Собирая вещи, Семенов ходит по комнате, за ним мотаются карикатурные, смешные тени: одна из них — на стене, рядом с Силантьевым — бочковата в груди, мала в голове. Через окна в барак проникает ветер. В тишине слышно, как он шебаршит за стенкой, струится порывами, давит на оконные переплеты. Временами доносится сырое, тяжелое гудение тайги — несутся по соснам верховые вихри.
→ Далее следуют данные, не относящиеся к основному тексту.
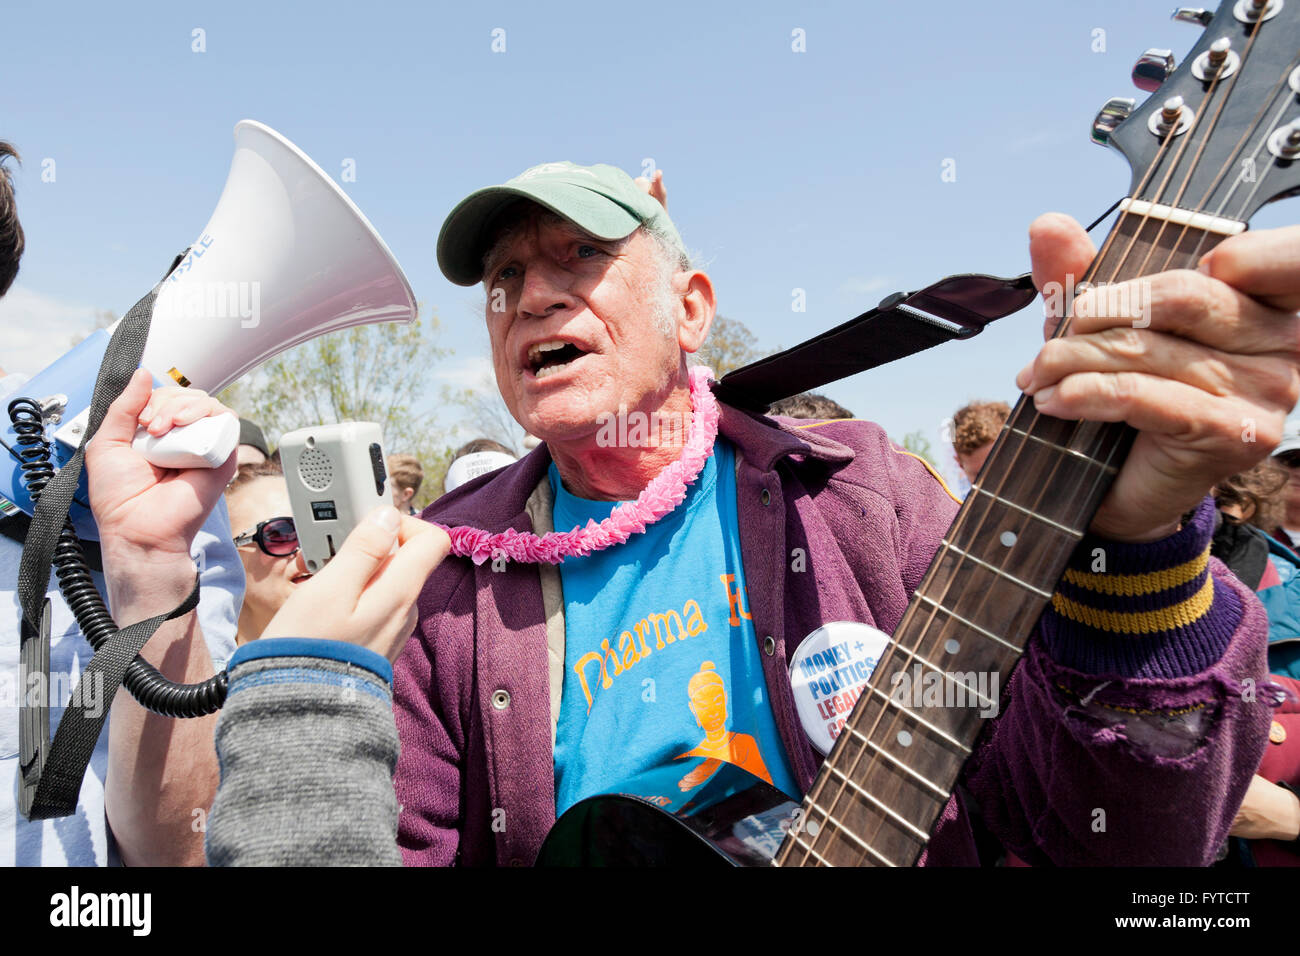 Chanter des chansons folk protestataire au rassemblement politique - Washington, DC USA Banque D'Images

— Георгий, наряды возьмешь у Дарьи, а расценки — вот! — Бригадир протягивает Ракову тоненькую книжонку. — И не забудь — лиственницу нужно катать отдельно.

Теперь Семенов почти одет — остается только натянуть телогрейку да нахлобучить шапку, и он готов двинуться в путь. Никита Федорович говорит, раздумчиво:

— Шестьдесят километров туда, шестьдесят обратно. Это сто двадцать! Два дня шагать, если без устали…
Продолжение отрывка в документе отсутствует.